Moreover Fox stated that NAFTA must be “expanded” along the model of the European Union. This statement did receive ignorant approval from the audience at the point when Fox’s diction and tone demanded; however, it was soon forgotten though it admits a serious threat to American sovereignty: the fact that a North American Union is a prospect so realistic that it is admitted and proposed by a former head of state.

Fox addressed any concerns that an EU like North American Union would threaten American sovereignty by stating that, for example, French culture still exists under the European Union. Sadly though Fox and his audience missed the point that America is not like France, its identity is inherent to its middle class culture and individualism. Americana was the product of national identity, a strong middle class, and good employment, not the international bureaucracy, tri-national integration, and post industrialism that Fox lauds.

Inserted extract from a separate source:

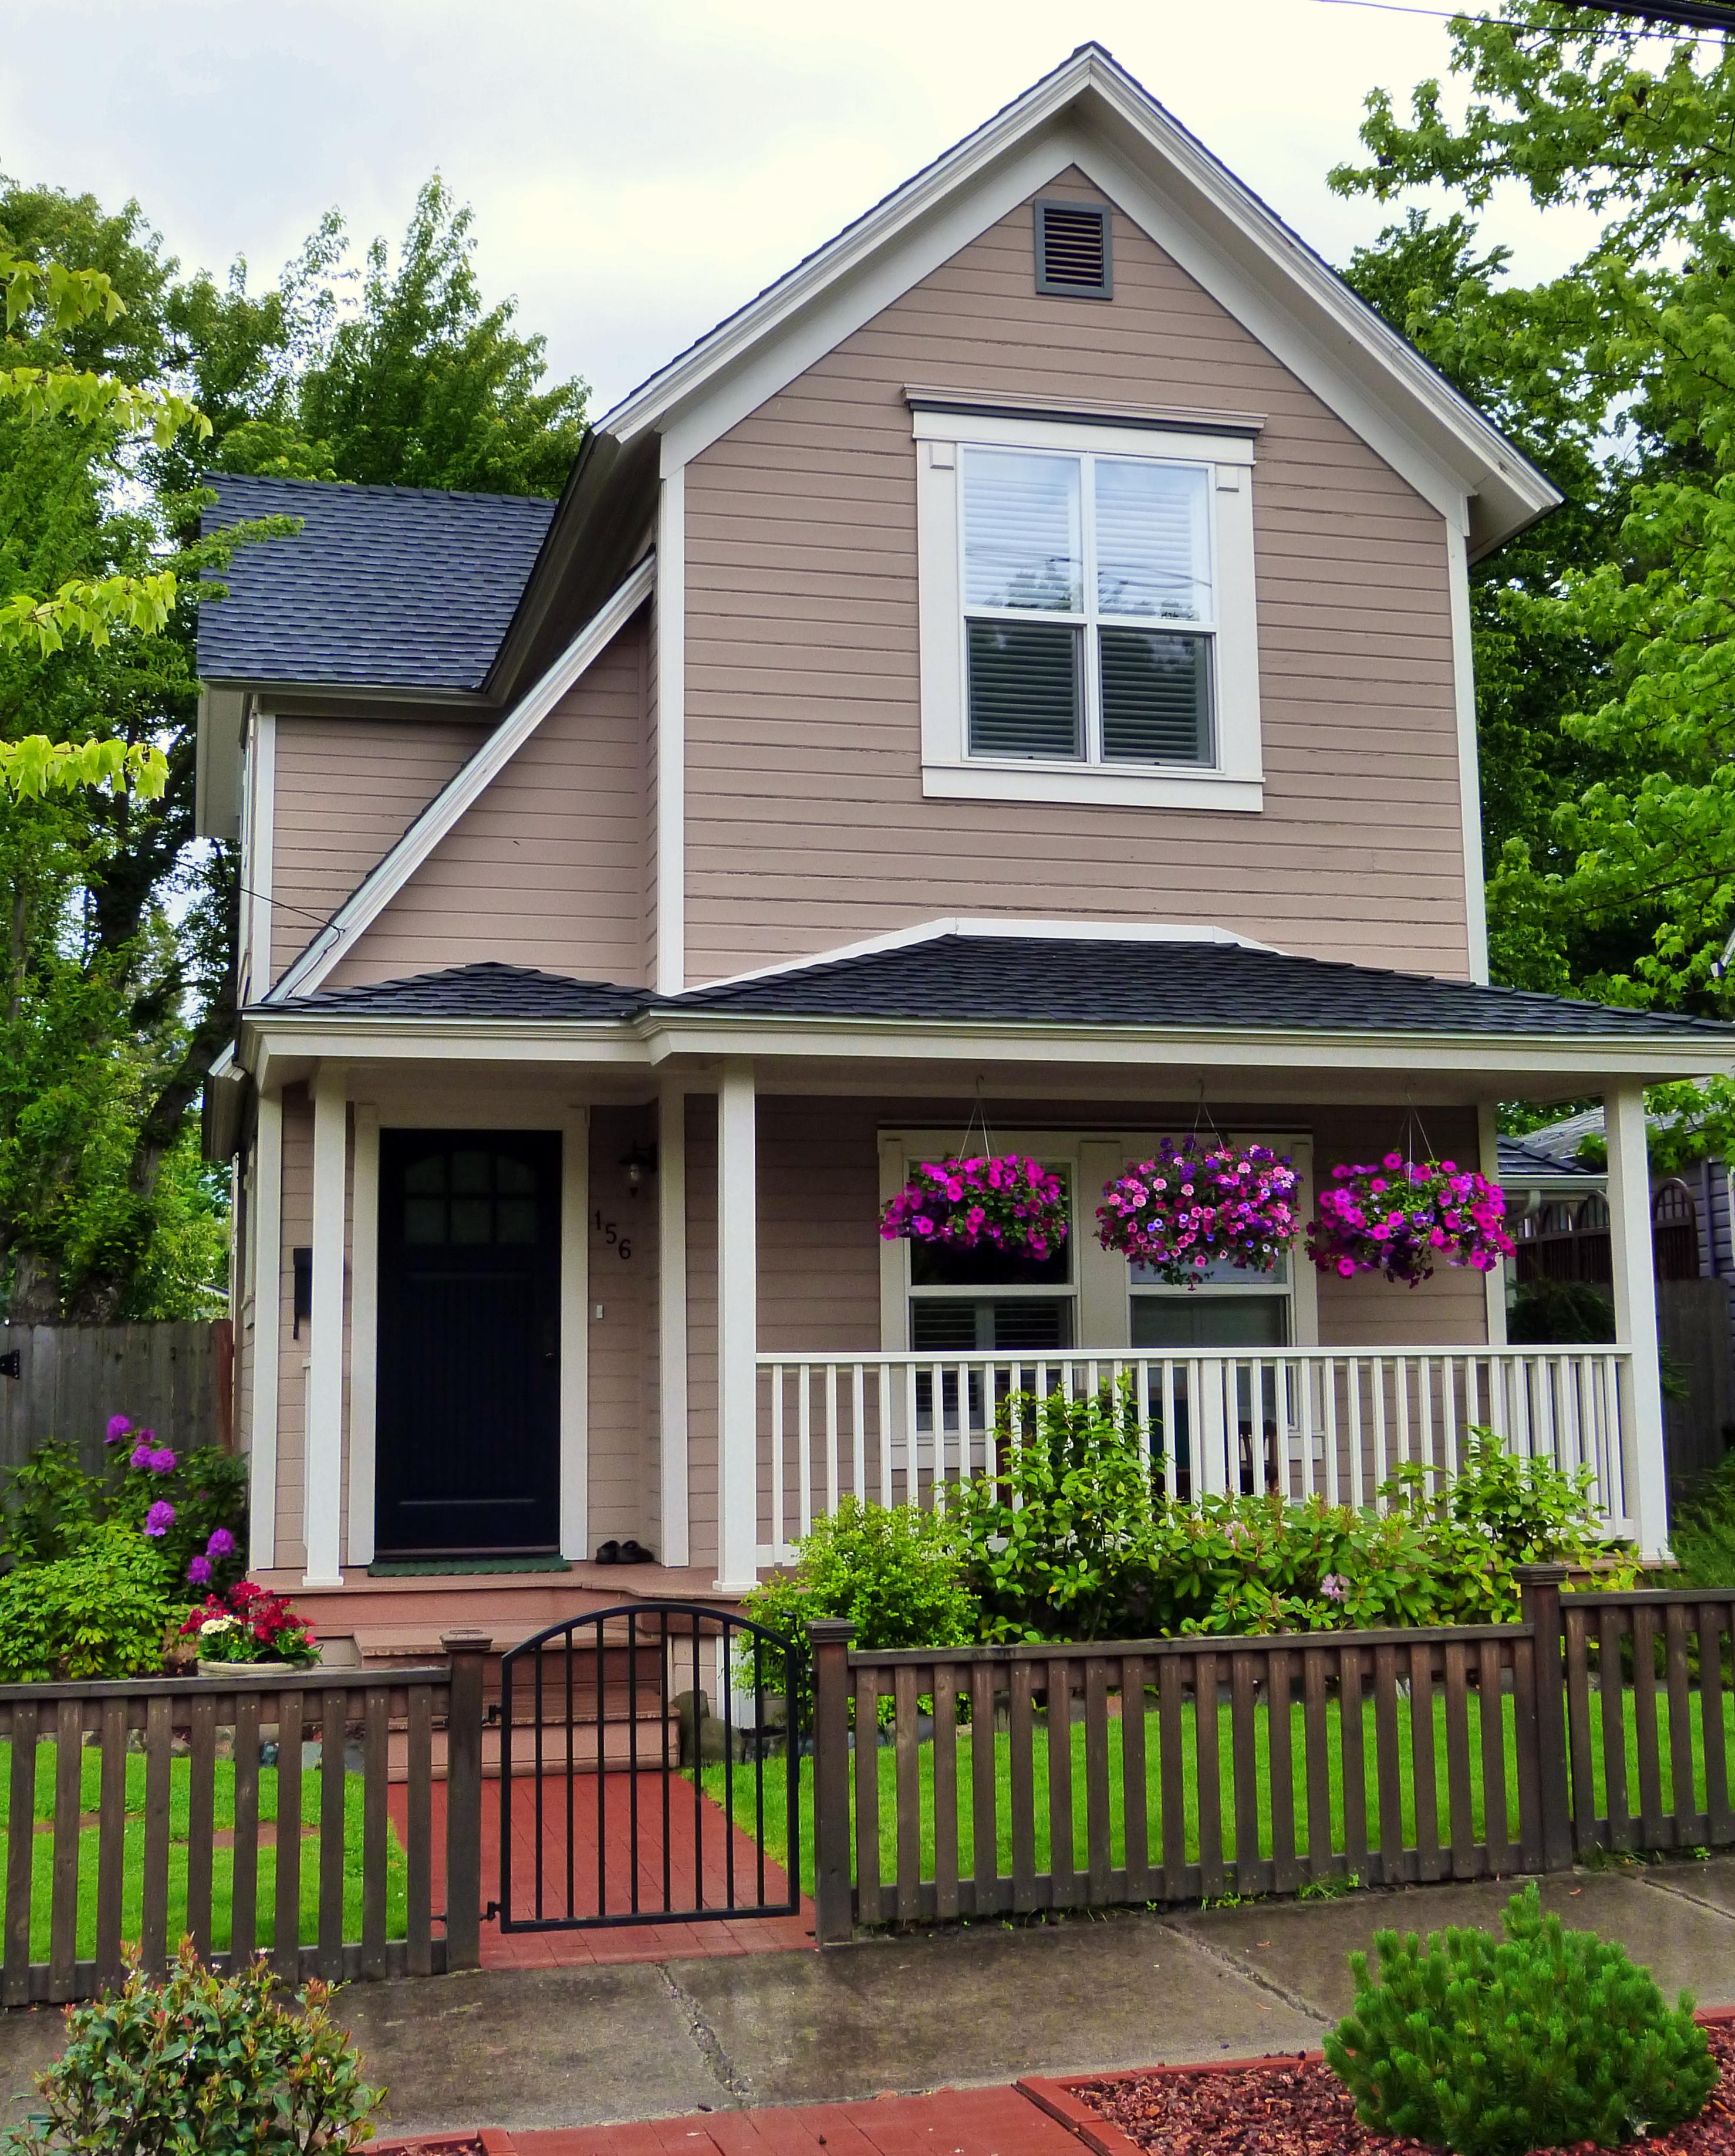 FileHudson Rental House Ashland Oregong Wikimedia mons

After Fox fielded some prearranged soft ball questions that had been filtered through Wilkes University staff I confronted him at the stage where some "fans" were getting pictures taken. “President,” I said with feigned enthusiasm “when ideally will we have a North American Union Parliament?” Fox seemed to be pleased by the question and said that a North American Union Parliament realistically could be achieved within fifty years, as fifty years is how long the development of a European Union parliament took.

To me the president’s response is a bit of a shibboleth as it does confirm that a North American Union parliament is indeed a long term goal of the internationalist movement.

Then I asked Fox what his opinion is of the Bilderberg Group. Fox’s smile soon left his face and he asked “the what?” “The Bilderberg Group,” I said. My clarification had no impact. In fact Fox said that he had never heard of the Bilderberg Group, which might be true as, I believe, a Mexican official has never attended one of the group’s secret conferences.

I then commented that in the Council on Foreign Relation’s Plan “Building a North American Community” the Bilderberg Group is cited as a role model for round table groups dedicated to creating a North American Community.

Fox appeared agitated and nervous, perhaps because he actually never did hear of the Bidlerberg Group, and stated in a determined and prompt voice that “Questions are over.” The situation didn’t seem like one that called for agitation and so I left the building leaving Fox still surrounded by autograph seekers and men in Mexican flag lapel pins, with whom I hope he at least found some comfort.